Landlord desires to lease the Leased Premises to Tenant, and Tenant desires to lease the Leased Premises from Landlord for the term, at the rental and upon the covenants, conditions and provisions herein set forth.
THEREFORE, in consideration of the mutual promises herein, contained and other good and valuable consideration, it is agreed:
1. Term.
A. Landlord hereby leases the Leased Premises to Tenant, and Tenant hereby leases the same from Landlord, for an Initial Term beginning February 1, 2007 and ending January 31, 2012. Landlord shall use its best efforts to give Tenant possession as nearly as possible at the beginning of the Lease term. If Landlord is unable to timely provide the Leased Premises, rent shall abate for the period of delay. Tenant shall make no other claim against Landlord for any such delay.
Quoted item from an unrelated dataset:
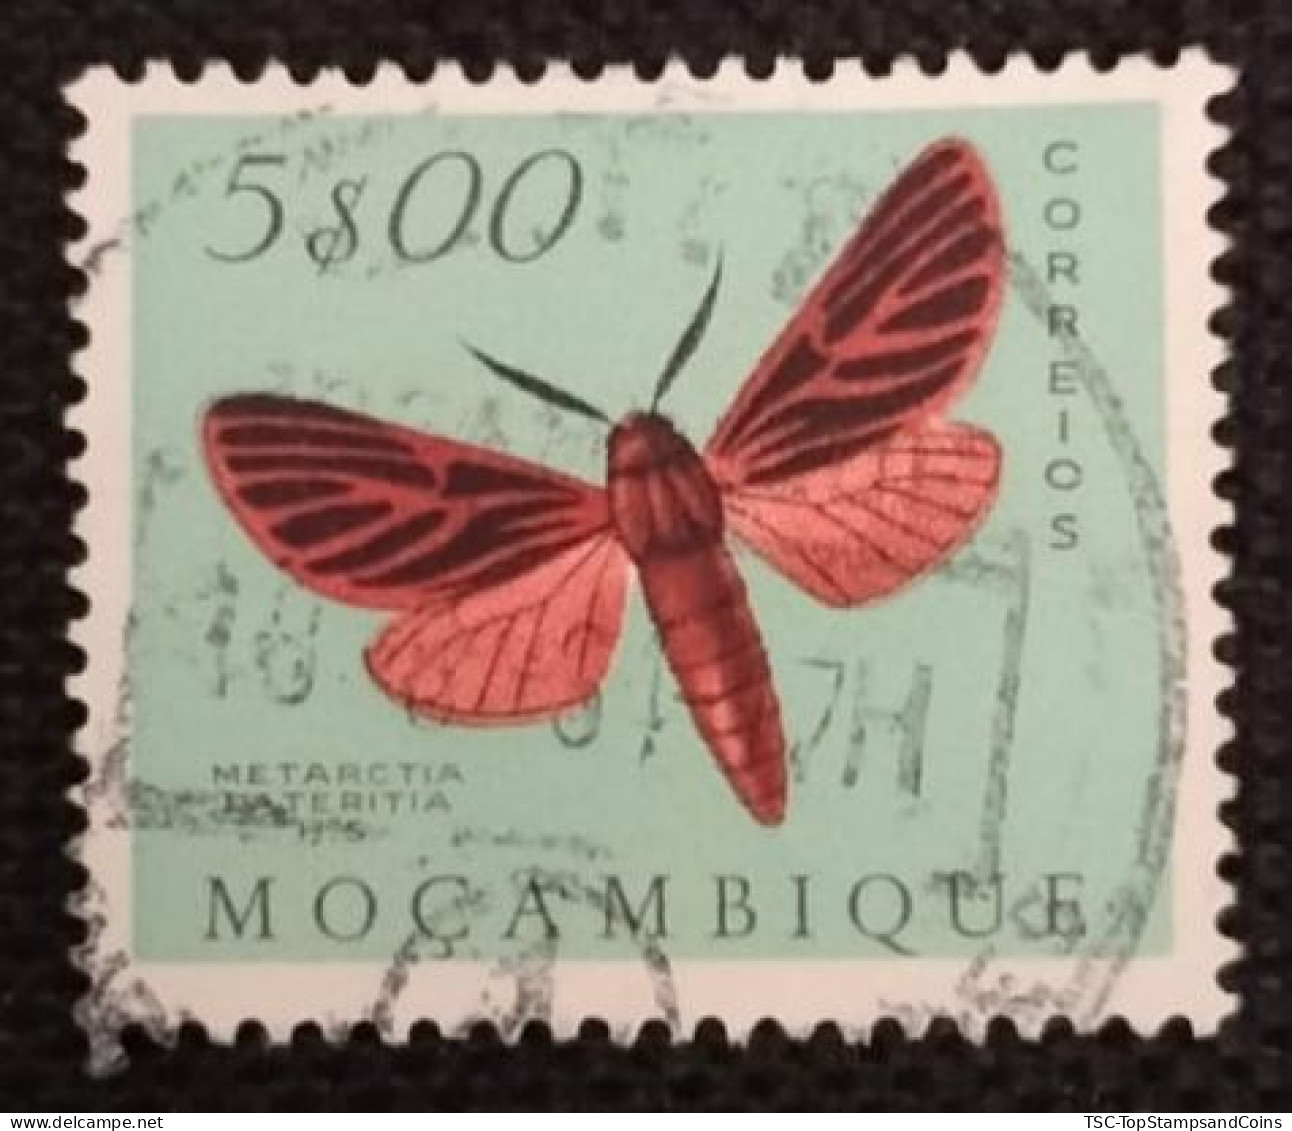 MOZPO0403U7 - Mozambique Butterflies  - 5$00 Used Stamp - Mozambique - 1953 - Mozambique
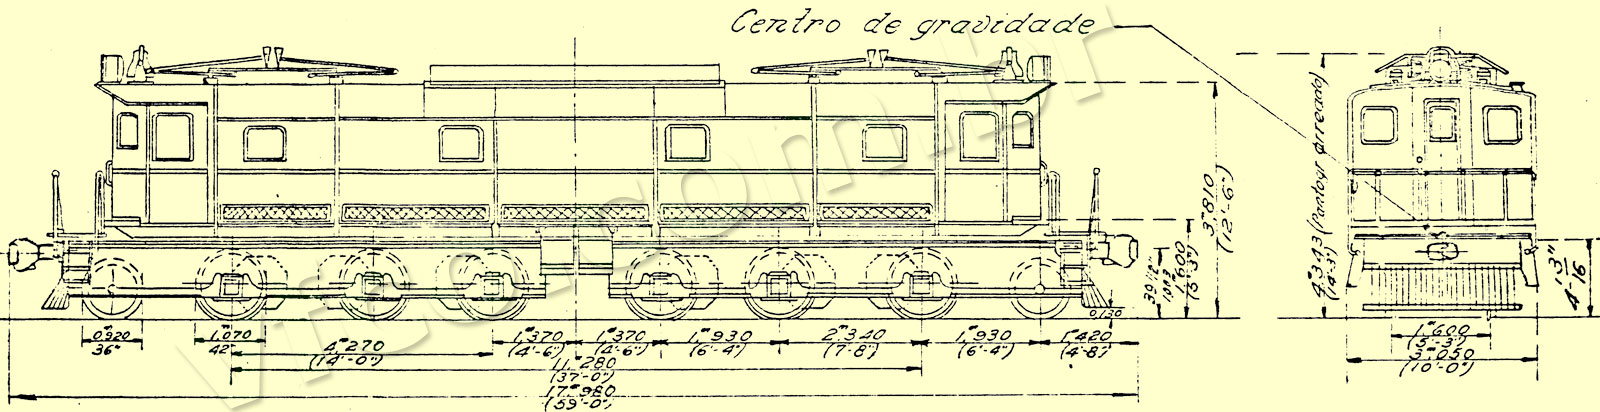 Desenho e medidas docomotiva elétrica 1-C+C-1 Metropolitan-Vickers nº 330 da CPEF - Francisco de Monlevade

B. Tenant may renew the Lease for one extended term of two, five (5) year terms. Tenant shall exercise such renewal option, if at all, by giving written notice to Landlord not less than ninety (90) days prior to the expiration of the Initial Term. The renewal term shall be at the rental set forth below and otherwise upon the same covenants, conditions and provisions as provided in this Lease.
2. Rental.
A. Tenant shall pay to Landlord during the Initial Term rental of Sixty-one thousand and five hundred dollars ($61,500.00) per month. Each installment payment shall be due in advance on the first day of each calendar month during the lease term to Landlord at 39 Tesla, Irvine, CA 92618 or at such other place designated by written notice from Landlord or Tenant. The rental payment amount for any partial calendar months included in the lease term shall be prorated on a daily basis. Tenant shall also pay to Landlord a Security Deposit in the amount of Sixty-one thousand and five hundred dollars ($61,500.00).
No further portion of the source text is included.